The hardware was also designed with longevity in mind. The RFID tags have no battery and consequently do not need to be replaced. The tags are also resistant to dirt, grease and grime, unlike other tracking systems such as barcodes. The system features several other advantages over barcodes: they do not require a direct line of sight to scan and they can be read from greater distances. Spark hazards and interference are not a concern with the system because the RFID chips operate at a low energy level.
The long-term potential for i-Safe is extremely promising. Companies including TIC-Canada are looking at expanding RFID tracking to other pieces of equipment such as pressure gauges, which need to be constantly calibrated. Knowing where every piece of a company’s equipment is at any given time is not out of the realm of possibility 10 years down the line.

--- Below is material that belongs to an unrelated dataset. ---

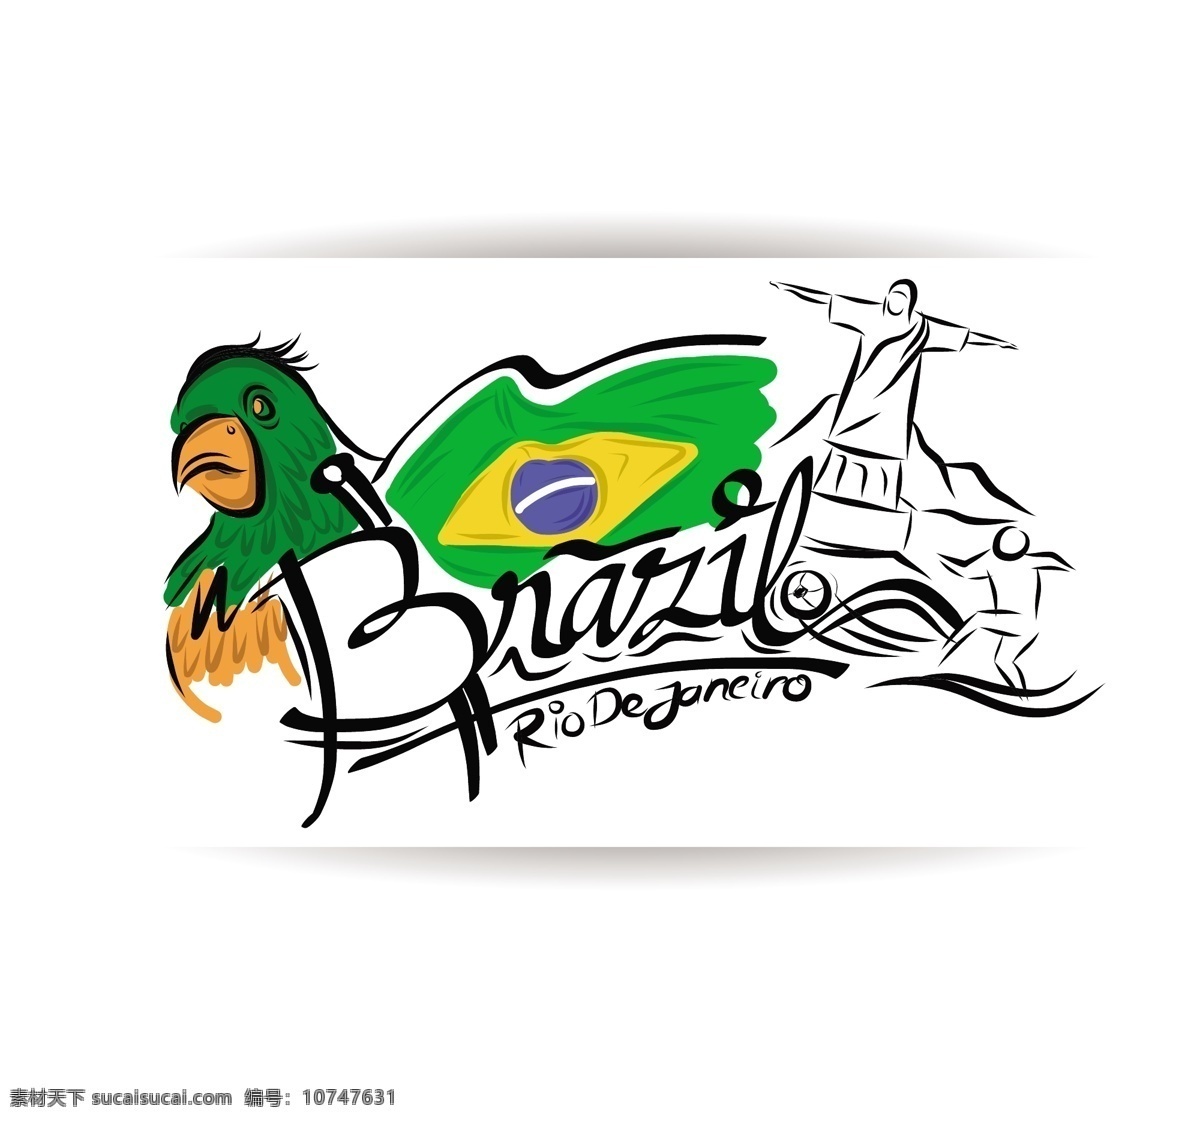 巴西 足球 世界杯 标志 模板下载 卡通鹦鹉 基督像 卡通鸟 巴西国旗 足球比赛 球赛 体育运动 生活百科 矢量素材 白色

ConclusionWhen asked if they would have done anything differently in implementing the i-Safe system, Tabak replied, “We would have done it earlier.” TIC-Canada has been so impressed with the system, that when asked by vendors and other companies about it, they’ve invited them to come to TIC-Canada’s facilities to review it in person.
“We feel that other companies will appreciate the transparency the system provides,” Fecteau said. “The knowledge of where our equipment is and the status of it is extremely valuable.”
“It’s a product we believe in,” Tabak said. “If we didn’t believe in it we wouldn’t be using it.”